Address 1101, we go to Index 01.
Address 1010, we go to Index 10.
And address 0111 would go to Index 11.
So, do you note something, do you notice
something on how we compute why the data
goes into the cache?
Well, it's just module arithmetic, right?
I got the memory address 'kay?
I get the, the memory address and do mod
4 'kay?
Which is the same thing as getting the
low order bits, and use the two lower
order bits of memory, and use that to to
address the cache, 'kay?
So again, if you got the two, the low
order bits, of this address, I determine
that they [INAUDIBLE] and so on.
Now what's important data there?
Okay, so suppose again that I this
address here of course, we know based on
the lower two bits goes here, but this
address here.
Also goes to the same location in the
cache.
Now the question is, how the processor
know that the data here contains either
this one or that one.
Some more information has to be stored
alongside the data in the cache in order
to tell which block of memory stored in
the cache.
We lost some information in this mapping,
right.
Now this information.
Has to be stored somewhere.
Now, how do we solve that?
Well, we're going to use something called
tags.
Tags are going to be another, you know,
storage element in the cache.
It will be one tag per data array in the
cache, per, per, per, per data loca, per,
per position in the cache.
That tells what address is stored there.
For example say that in our blue address
here, 1101, which, again, based on the
low ordered two bits, we know it goes
into this index of the cache.
'Kay, goes right here.
And what are we going to put here?
Well, now that we know that address 1101
is sorted, I'm going to store tag 11.
So now, the tag here together with the
index, I can tell exactly which address
was stored in the cache.
So now, there's no more confusion in this
multiplexing of multiple memory addresses
into the same position in the cache.
A very important question in a cache is
what's a block, or a cache line?
Remember when we talked about spatial
locality.
We said we would move data from memory to
the cache in blocks, blocks that are
bigger than a single byte.
Okay and that helps spatial locality
because we go, not only going to ring the
piece of data actually needed by your
program that's running the processor.
But also data that is located close by in
memory.
So, uh, [INAUDIBLE] what's a block.
Suppose that I say, that I have, you know
a block size of two bytes okay?
And I have again my memory goes from
address 0 to address 15 and these are
byte addresses, the others are originally
kilobytes okay?
Now if my system is two bytes like I just
told you each block, each cache line is
going to occupy, is going to be mapped,
is going to map to two bytes in memory,
okay?
They're our line.
So, with the line 0 occupies address 0
and address 1.
Line 1 occupies address 2 and 3.
Line 2 occupies address 4 and 5, and so
on, okay?
So, now the, of course, the cache, since
the cache stores an entire block In an
entry, in an index, okay?
So, the index has to be as big, so that
the data array for each index here has to
be as big as the block, okay?
So, for example, if I decide to store
this block zero here, in the cache, I'm
going to store bytes here.
B1 let me, let me pick the green because
it is a byte b1 and byte b2.
When it is stored in the cache, if I
happen to store this one, I'm going to
store by byte b1 and byte b2.
So, the entire block has to be stored in
the cache.
So, the data array, each entry in the
data array of the cache has to be as
large as the block.
By the way, typically, cache block sizes
are either, you know, 32 bytes is
typical, 64 bytes is also typical, okay?
That's, that's a typical size.
This is just a simple example 2 bytes to
make it simple.
But in real processors is this 32, 64
bytes.
'Kay?
Let's think a little about a puzzle now,
that might help you with one of the
assignments.
If I ask you the following question.
'Kay?
Start with the assumption that the cache
is empty.
'Kay?
And then, I'm going to to say now the
sequence is encoded in the following way.

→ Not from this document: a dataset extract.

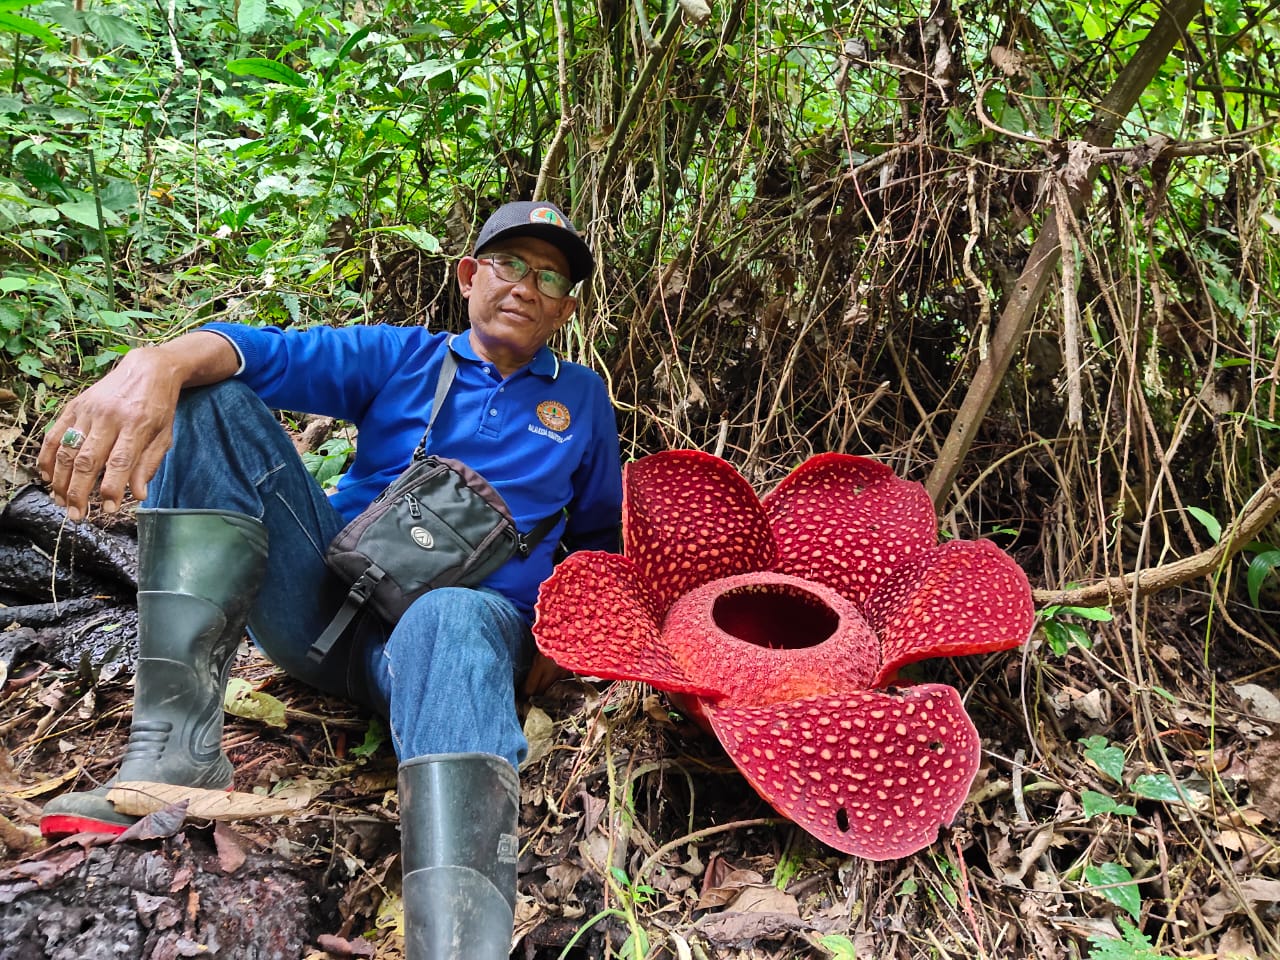 Kepala Balai Konservasi Sumber Daya Alam (BKSDA) Resor Bukittinggi, Vera Ciko, saat berada di lokasi habitat bunga Rafflesia Arnoldii, Batang Palupuh, Agam, Sumbar.

I'm going to give you an address, comma,
whether it was a hit or a miss.
If I tell you that I access address 10,
and it's a miss, okay?
Then, I access address 11, address 11,
and it's a hit.
Then, I access address 12 and it's a
miss.
Hmm, the real, the real piece of
information here is that, why is this a
hit.
Well, address eleven has never been
accessed before, because the cache
started empty.
So, but address 10 was, and it was a
miss.
So, 11 can only be a hit is because it
was brought together with address 10.
So, that means that I know that in my
cache block here somehow I'm going to
have address 10 and address 11.
But I know, that 12 is not part of this
block.
So what we can say here, what we can
infer, is that our block size is at least
two bytes.
Because it brought 10 was a miss for sure
brought the data and 11 was a hits, okay?
Think a little bit more about that, with
that you can actually this going to help
yourselves one of the assignments, okay.
So let me talk about one way of mapping
data from memory to the cache.
The example that I gave you earlier, is
what we call direct mapped caches okay?
So, direct mapped means that, for each
memory location, there's a single place
in the cache where the data can go.
Okay?
That's why it's called direct mapped,
there's a direct mapping for each memory
location I know exactly where it goes
into the cache.
Okay?
So, this example here, both of these
addresses go to the same index.
Again, because they have the same
low-order bits of the address.
Okay.
So what's the problem with this?
Well, if I tell you that I want to access
address 2, 6, 2, 6, 2 and so on.
What happens?
Well, this is address 2 and this is
address 6.
They all map to the same position in the
cache.
So, when I access 2, okay?
I'm going to put it in the cache, when I
access here, I'm going to put it in the
cache.
But then when I access 6, this is going
to be a mess.
But when, when I access 2, this is also
going to be a mess because 6 has kicked 2
out.
So, when I access 2 again, it is going to
be a mess.
So, the bottom line here is that all of
these accesses are going to be a mess.
Even though I only using this one
position for cache, why is this.
Well we say that whats going on here is a
cache conflict.
Since two locations that a max is
repeatedly mapped to the same entry, the
only place they can go into the cache.
They going to kick each other out,
repeatedly.
So, I'm going to have a bunch of misses,
even though the rest of my cache could
potentially be empty.
And the way we solve this problem is
using something we call associativity.
And this is basically the question.
What if we could store data in any place
in the cache 'kay?
But, that could be possible, it could
make data go anywhere in the cache, but
that slow down caches, because the
sequence gets more complicated, 'kay?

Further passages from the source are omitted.